L’Allemagne, par exemple, a approuvé l’embargo sur les exportations d’armes à destination d’Israël. La Commission vient également de proposer des sanctions à l’encontre de deux ministres et la suspension partielle de l’accord commercial avec le pays.
La question de Gaza restera à l’ordre du jour du Conseil.
Au-delà d’une prise de conscience commune, nous devons prendre des décisions et faire preuve de cohérence à l’égard d’Israël. C’est l’ampleur de ces conséquences qui est au centre du débat actuel.
80 ans après l’Holocauste, l’antisémitisme est de retour en Europe. Et notre histoire montre malheureusement qu’une fois cette mèche allumée, il est très difficile de la contenir. Quelles mesures devraient être prises pour empêcher une nouvelle montée de l’antisémitisme en Europe ?
Nous devons lutter contre toutes les formes d’intolérance et de discrimination.

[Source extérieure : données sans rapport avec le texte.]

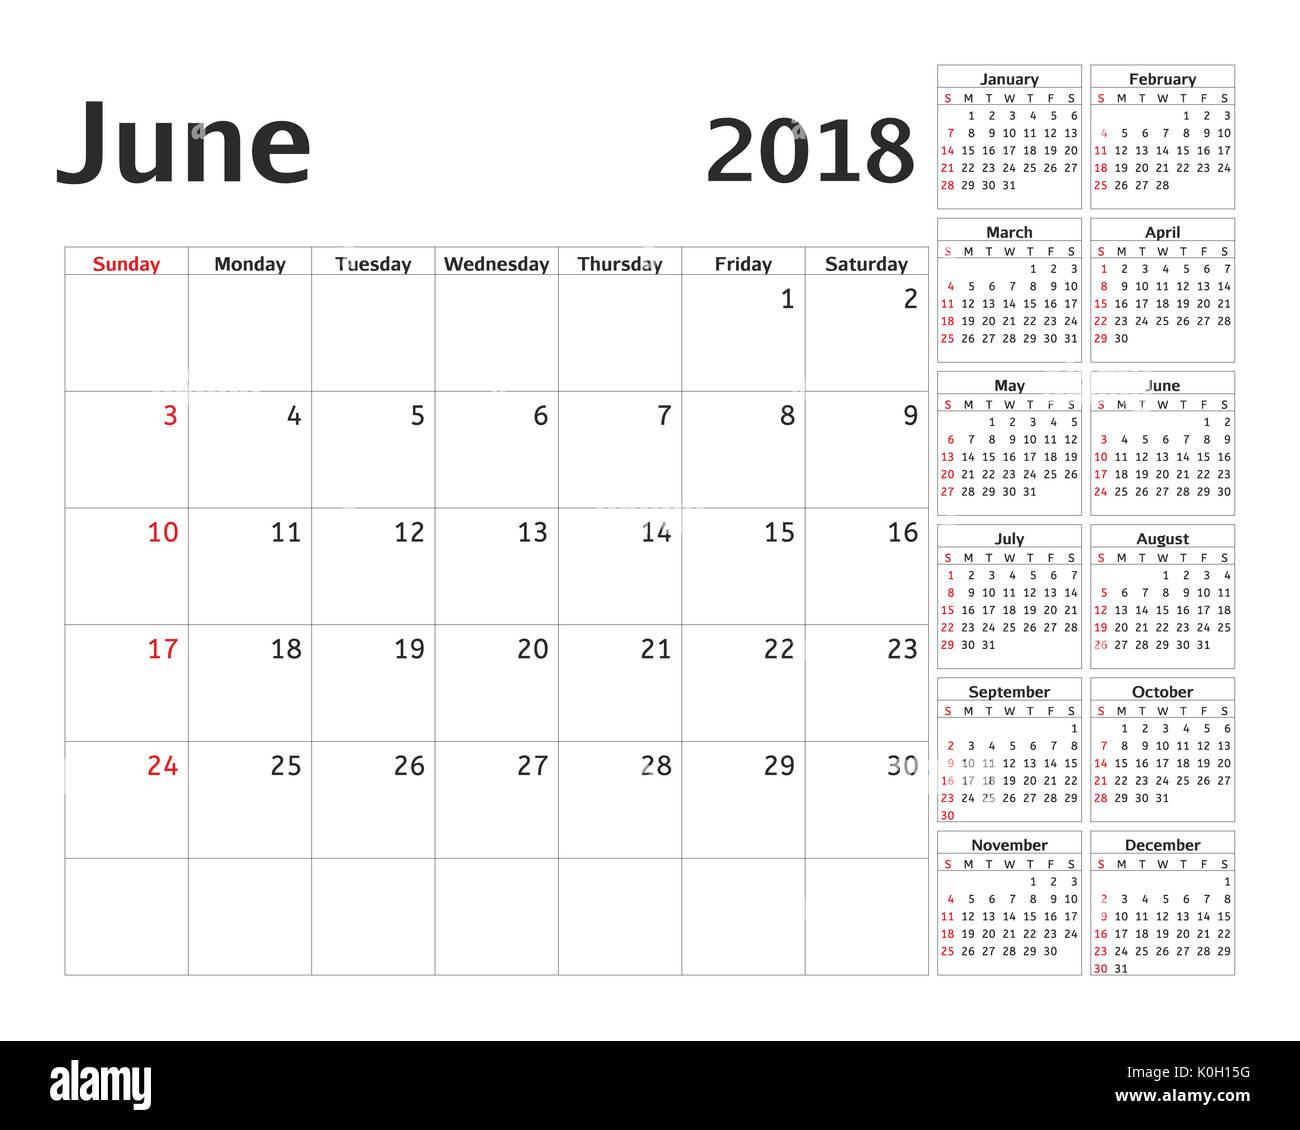 Planner 2018 Imágenes De Stock & Planner 2018 Fotos De Stock ...
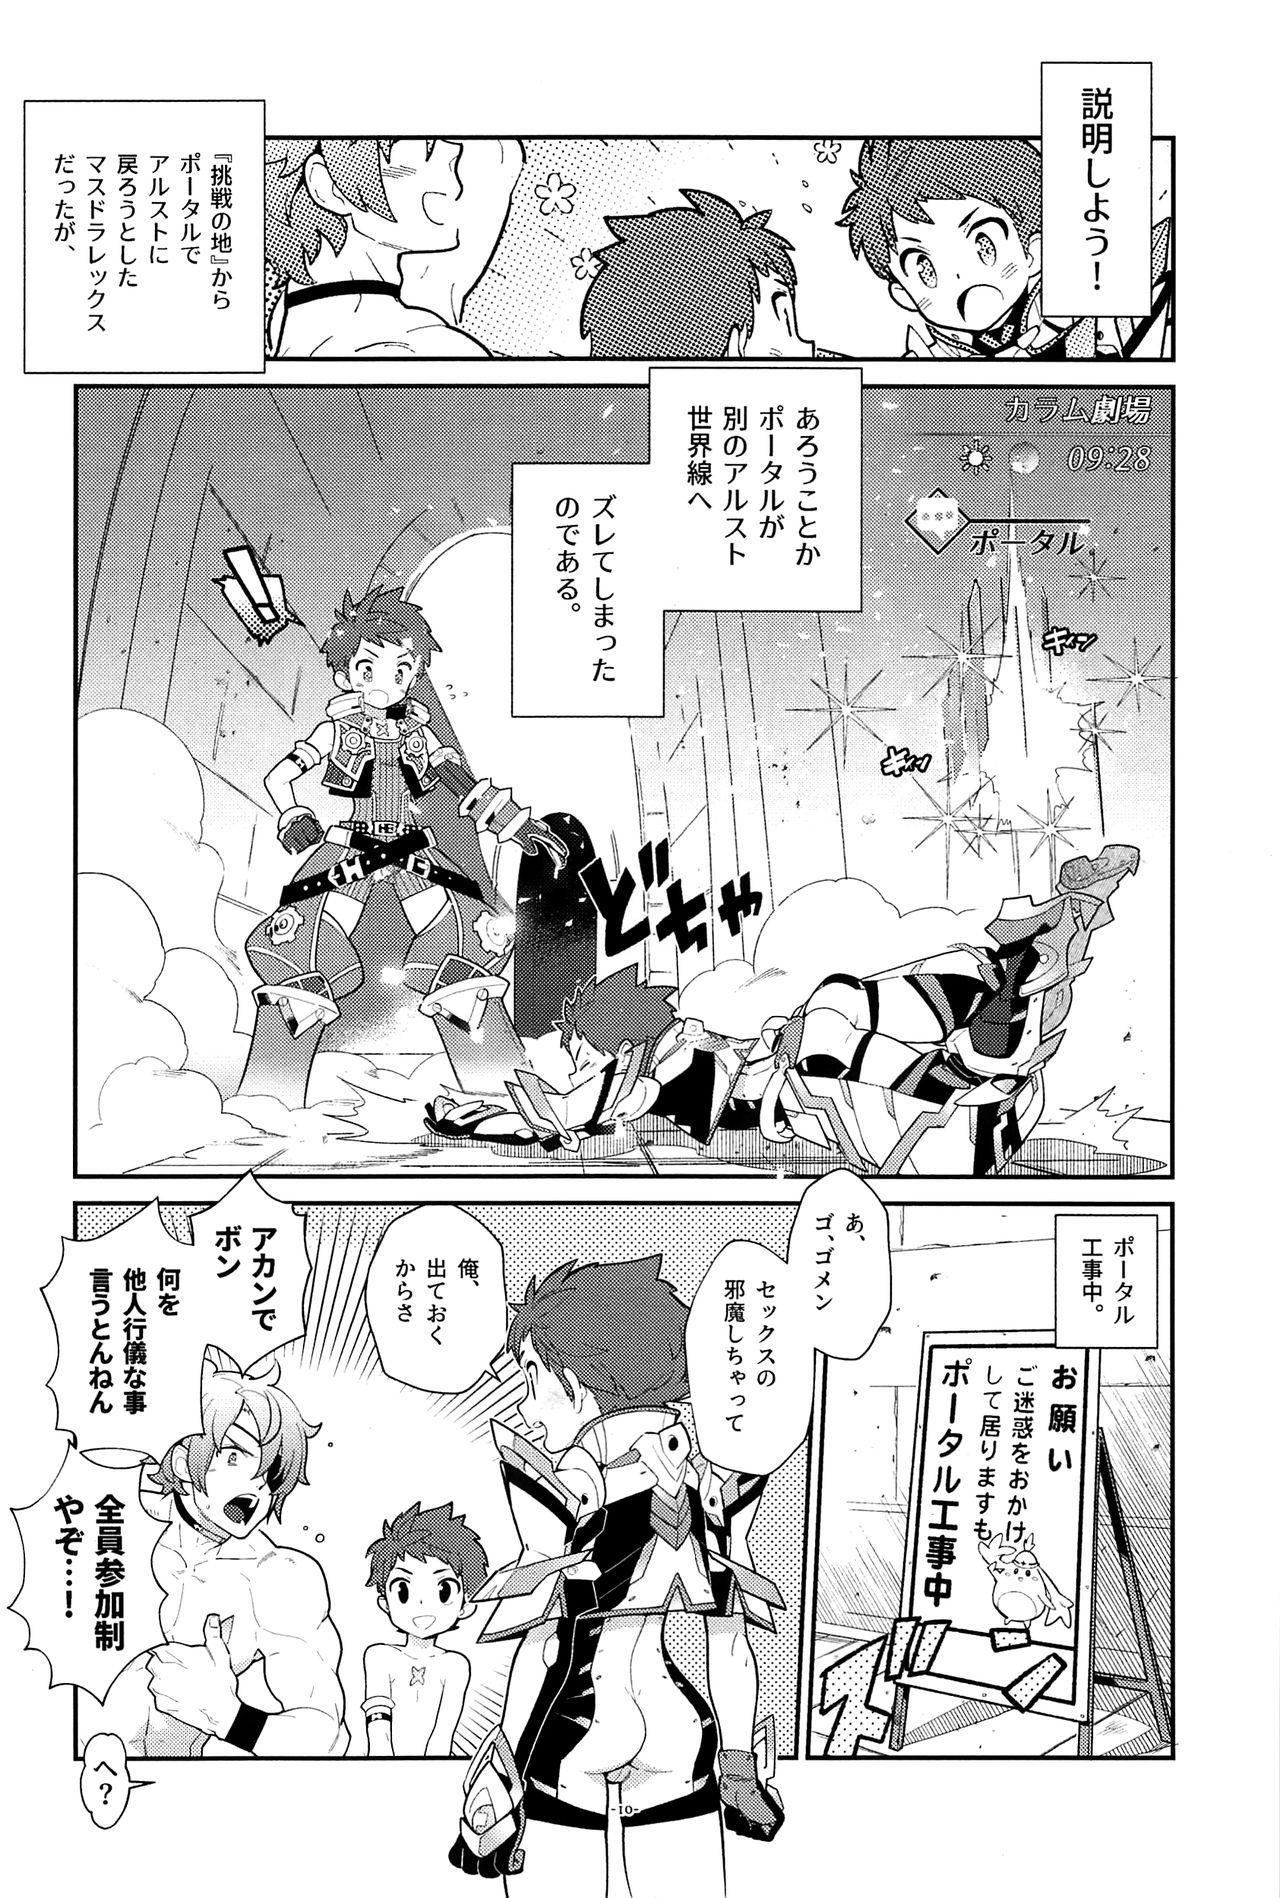 Zeke to Rex ga Ichaicha Shiteitara, Rex ga Kitanode Matomete Ichaicha Shita. 10

Et nous devons le faire dans le cadre de ce conflit en particulier.
Nos actions n’ont rien à voir avec la communauté juive en Europe, les Israéliens ou Israël.
Elles concernent la manière dont le gouvernement israélien mène une action militaire qui viole le droit international et humanitaire. C’est inacceptable. Toutefois, nous ne devons pas confondre le gouvernement israélien avec Israël, avec le peuple israélien ou avec les Juifs d’Europe.
Nous devons être très clairs à ce sujet.